*** Raw data ***

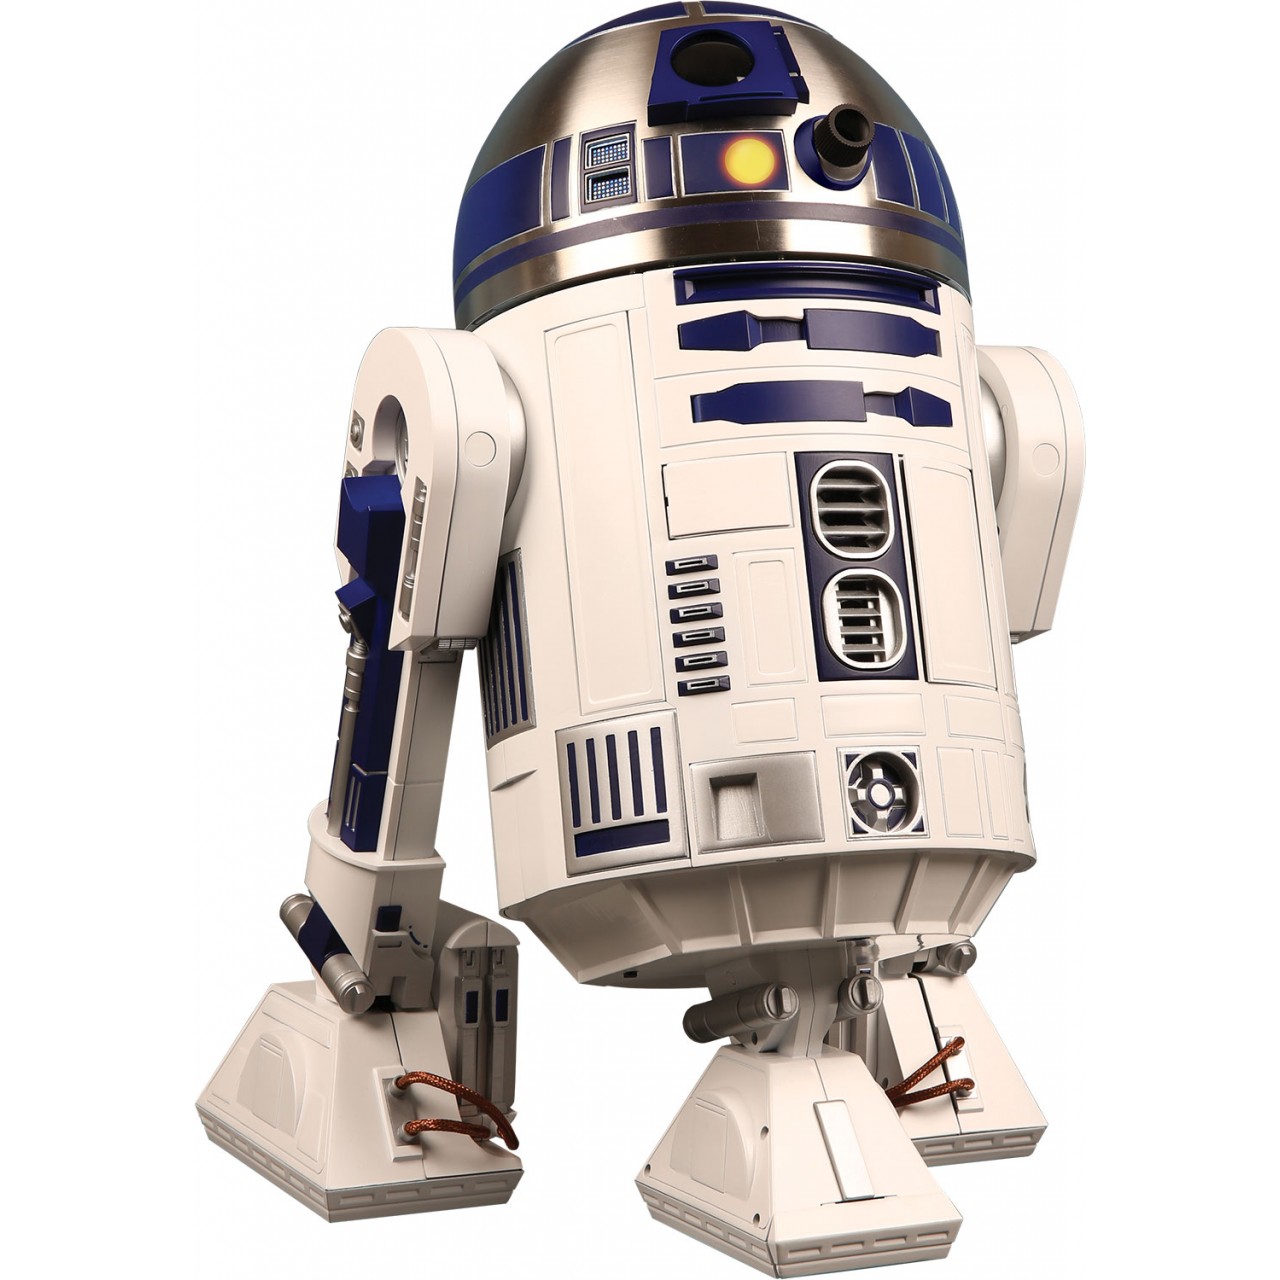 R2-D2 is the Star Wars Robot
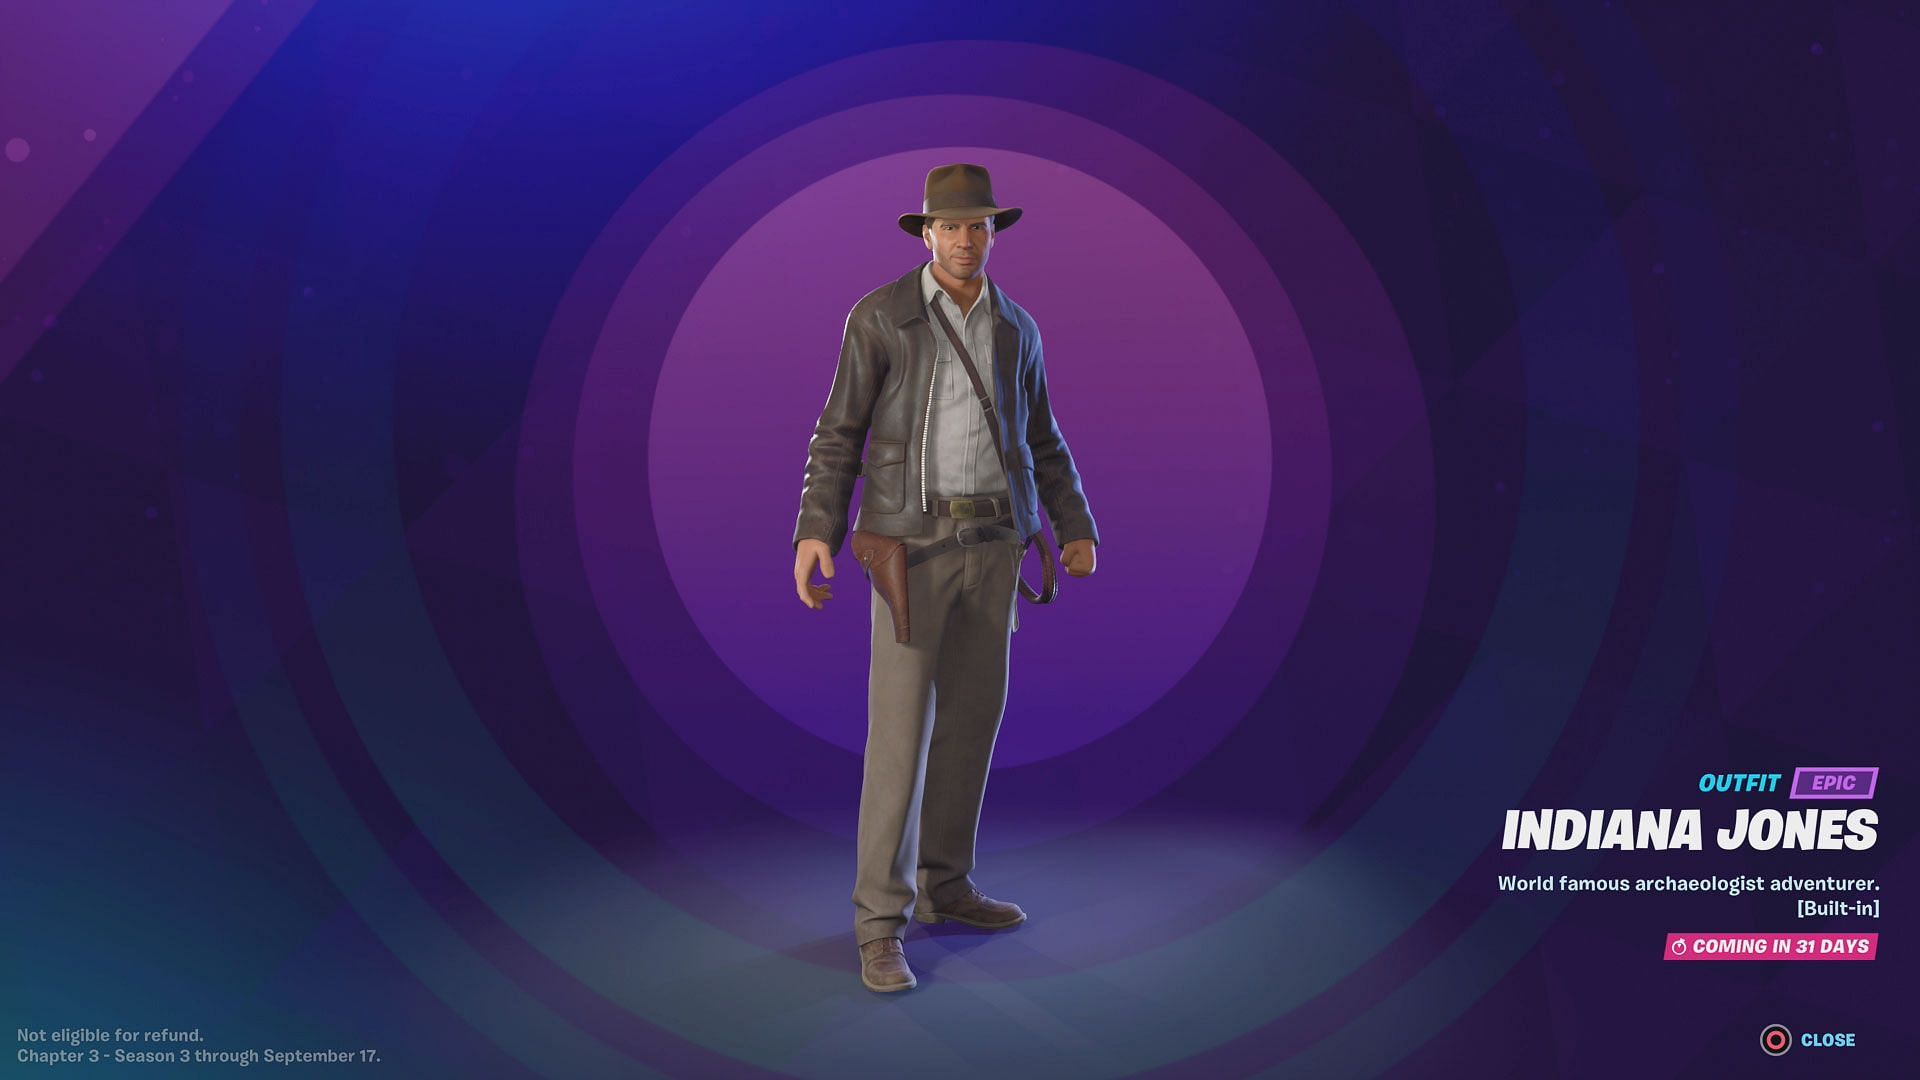 Indiana Jones is finally available in Fortnite (Image via Epic Games)
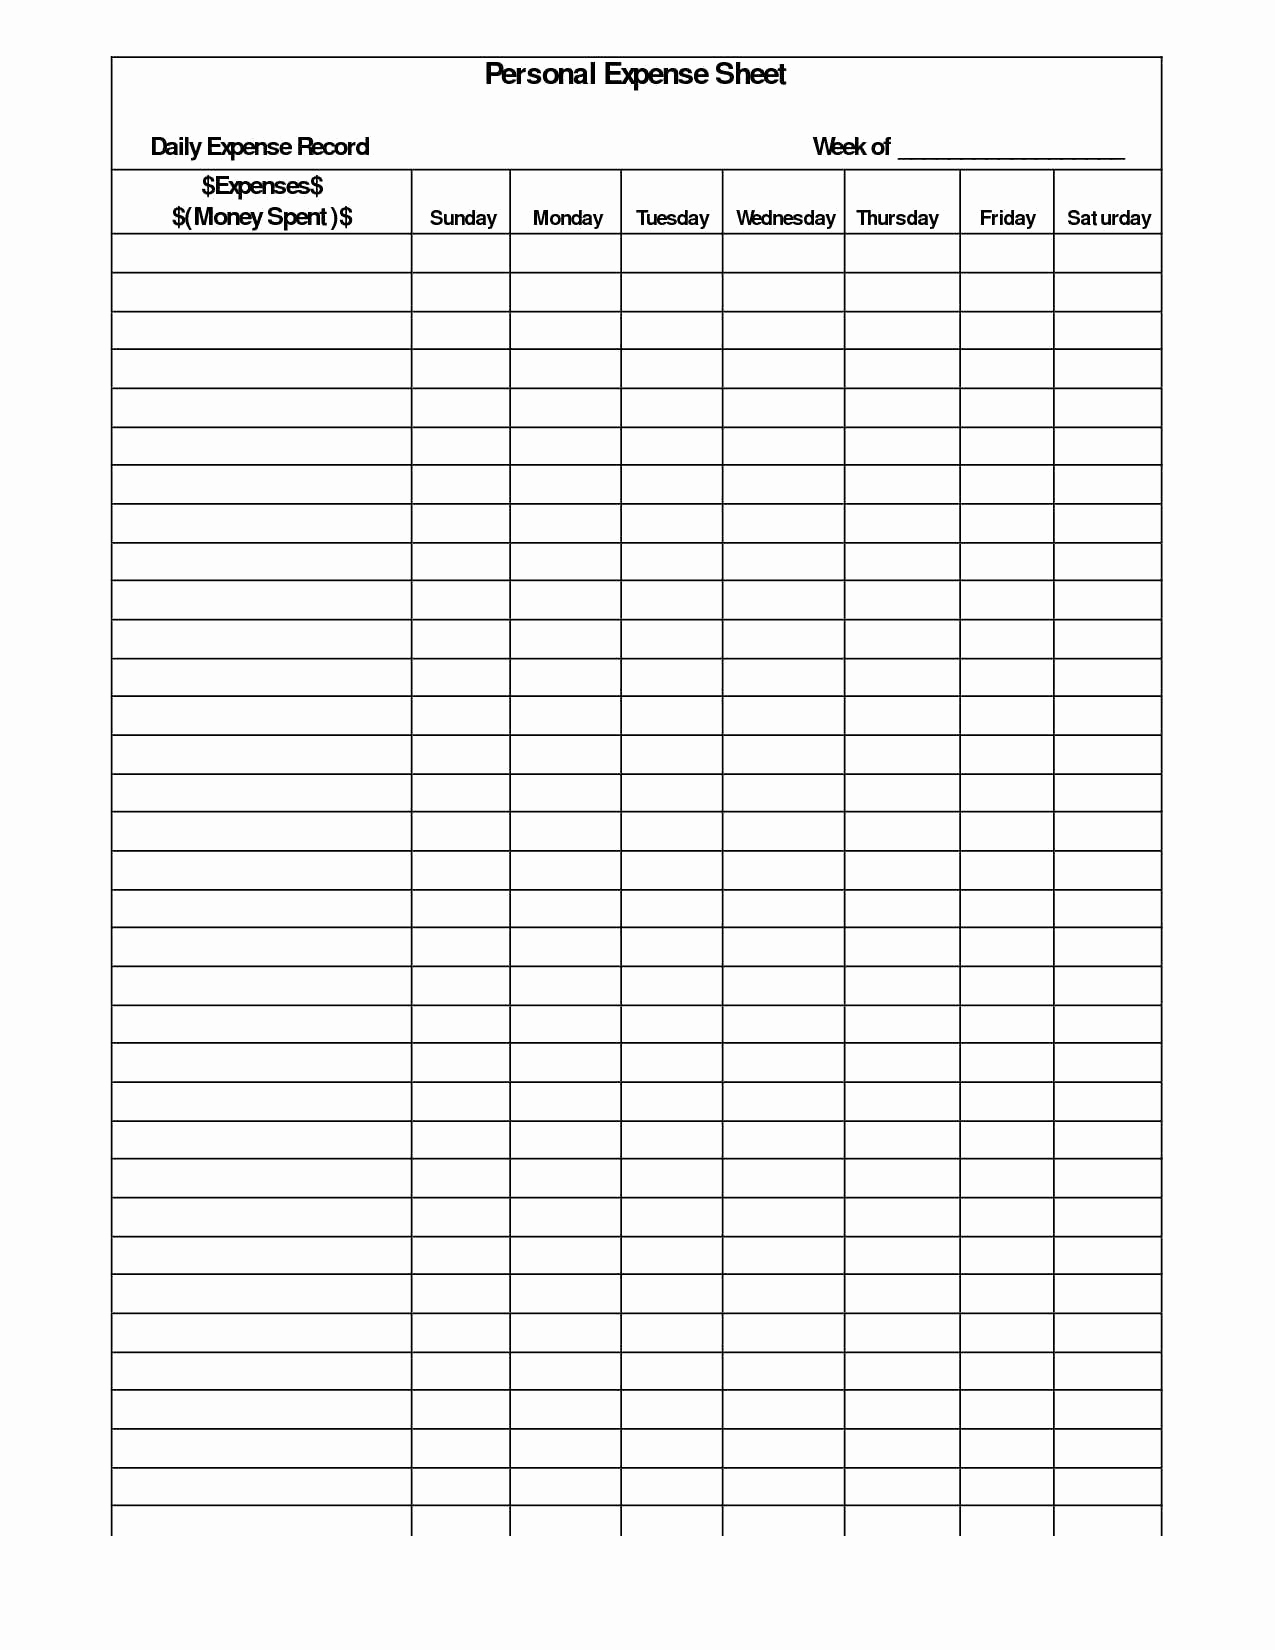 worksheets to track daily expenses
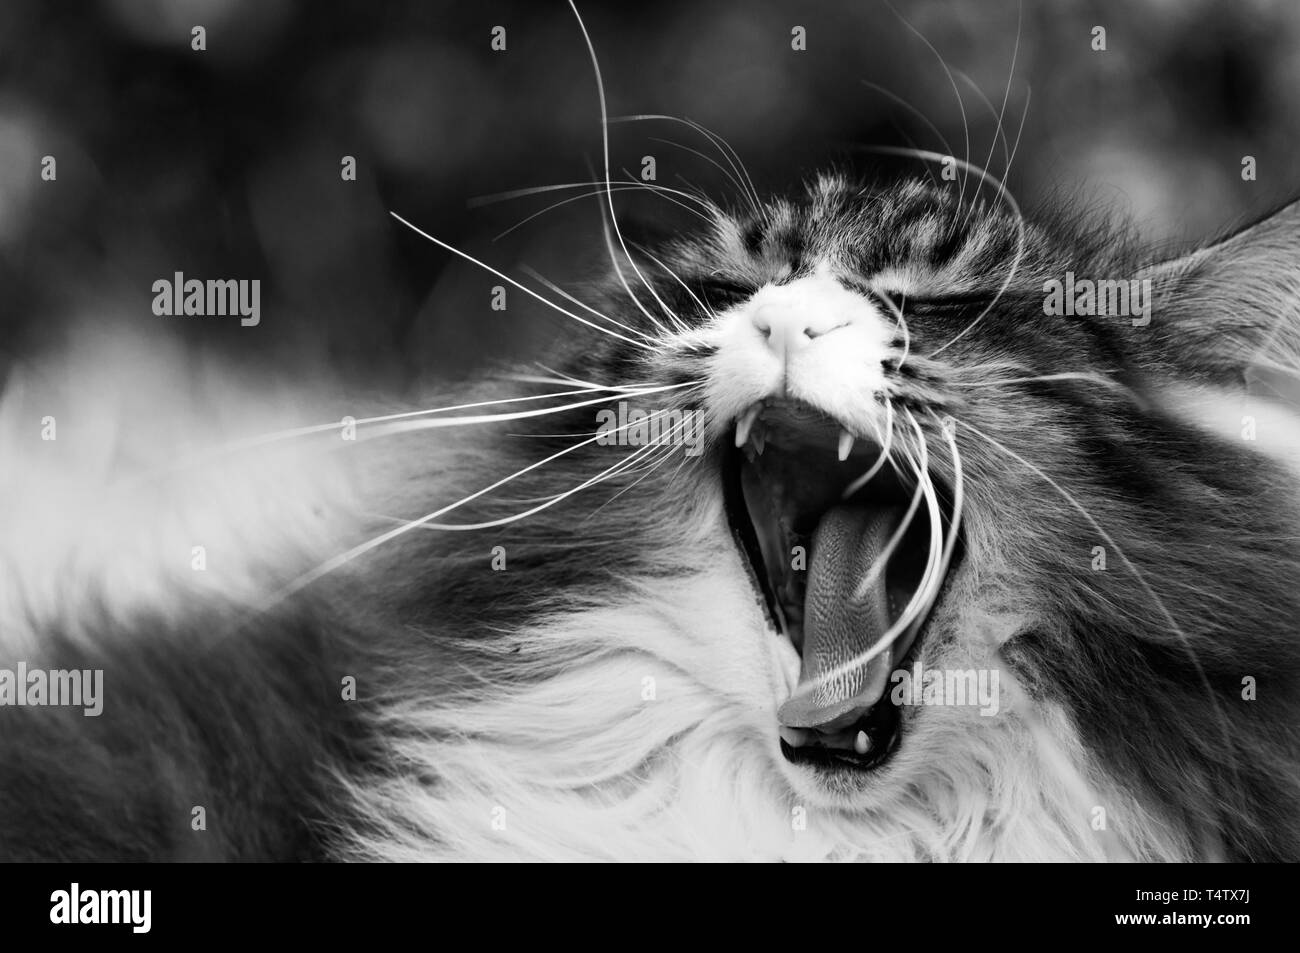 Beautiful norwegian forest cat yawning in a monochrome image. His mouth is open and many long whiskers are all around his nose Stock Photo

*** End of Raw data ***

→ **Try it**
Word for word, retype the material above without its pictures.

→ **Answer to the problem**
 R2-D2 is the Star Wars Robot
 Indiana Jones is finally available in Fortnite (Image via Epic Games)
 worksheets to track daily expenses
 Beautiful norwegian forest cat yawning in a monochrome image. His mouth is open and many long whiskers are all around his nose Stock Photo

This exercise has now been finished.